The oral LD50 of Dabco NE1550 Catalyst is greater than 2000 mg/kg of body weight in rats and
is not classified according to GHS.
Executive summary:

Three female and three male rats survived following a single oral dose of 2000 mg/kg.

Abnormal physical signs including hair loss (hip areas) and piloerection were observed.

All six animals gained body weight by study termination.

The gross necropsy revealed no observable abnormalities in three out of six animals. Localized

hair loss was observed among two animals and a mottled kidney was observed in one animal.

Not classified since no mortality or significant clinical signs observed at 2000 mg/kg

The oral LD50 of Dabco NE1550 Catalyst is greater than 2000 mg/kg of body weight in rats and

is not classified according to GHS.

Endpoint conclusion
Endpoint conclusion:
adverse effect observed
Dose descriptor:
LD50
Value:
2 000 mg/kg bw
Quality of whole database:
Guideline study.

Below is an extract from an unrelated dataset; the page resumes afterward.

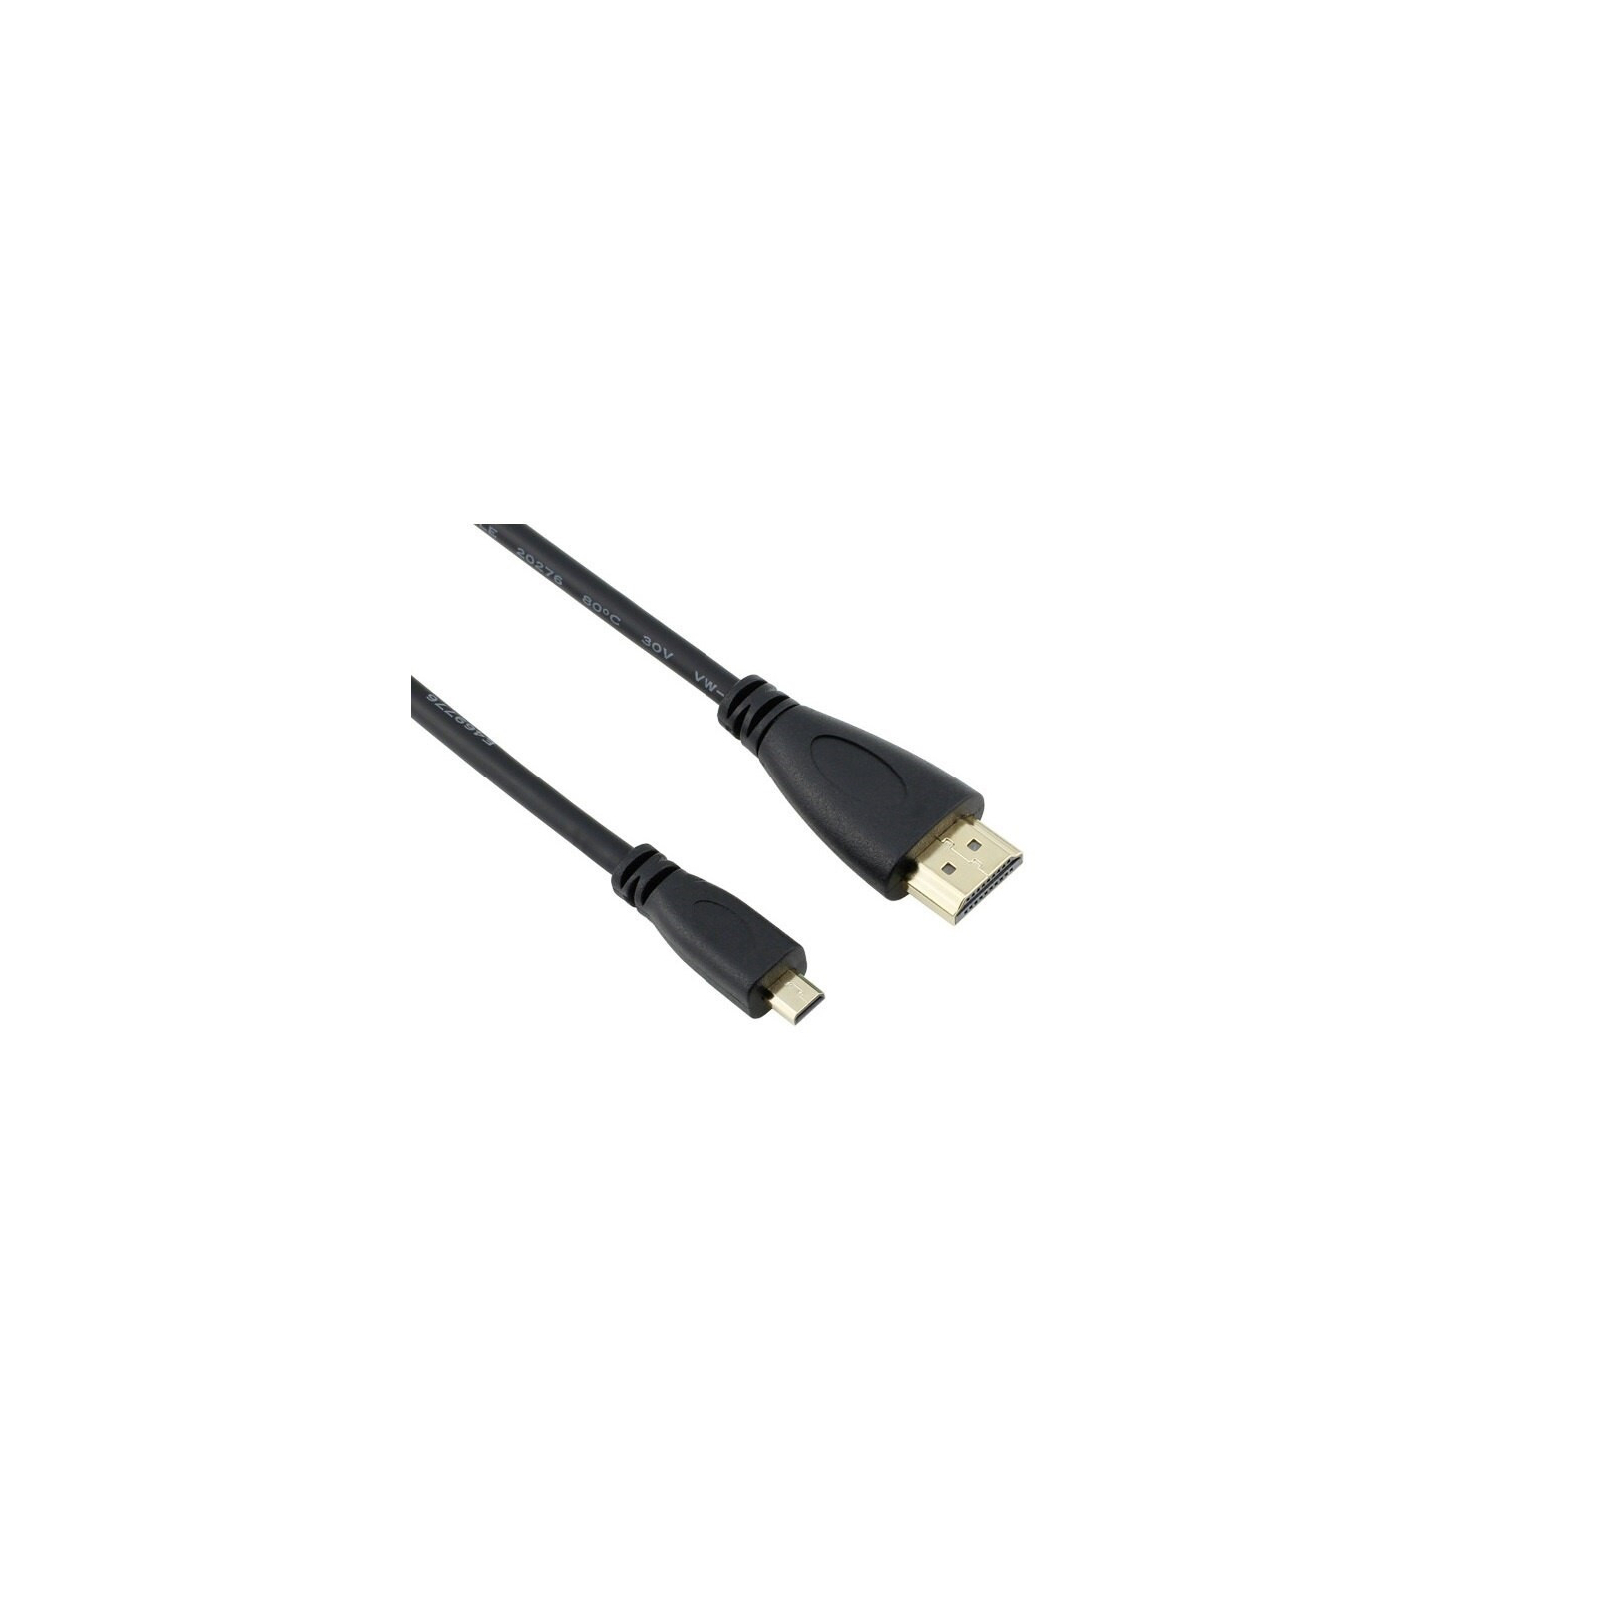 Додаткове обладнання до промислового ПК Raspberry Pi кабель Micro HDMI to HDMI for Pi 4B (RA557)

This study was conducted in accordance with the Good Laboratory Practices regulations of the EPA, 40 CFR Part 160 and 792, the FDA, 21 CFR Part 58, and OECD, Principles on Good Laboratory Practice, revised 1997.

Additional information

There is no data gap.

According to the UN Globally Harmonized System of Classification and Labelling of Chemicals (GHS) Part 3 Chapter 3.1 no classification required, since this substance does not cause concern of acute toxicity.


Justification for selection of acute toxicity – oral endpoint
Only one study available.
This study contains data which meets the criteria set forth in Regulation EC No. 440/2008 for filling REACH endpoints. The data is generated in a reliable laboratory using established protocols.

Justification for classification or non-classification

According to the UN Globally Harmonized System of Classification and Labelling of Chemicals (GHS) Part 3 Chapter 3.1 no classification required, since this substance does not cause concern of acute toxicity.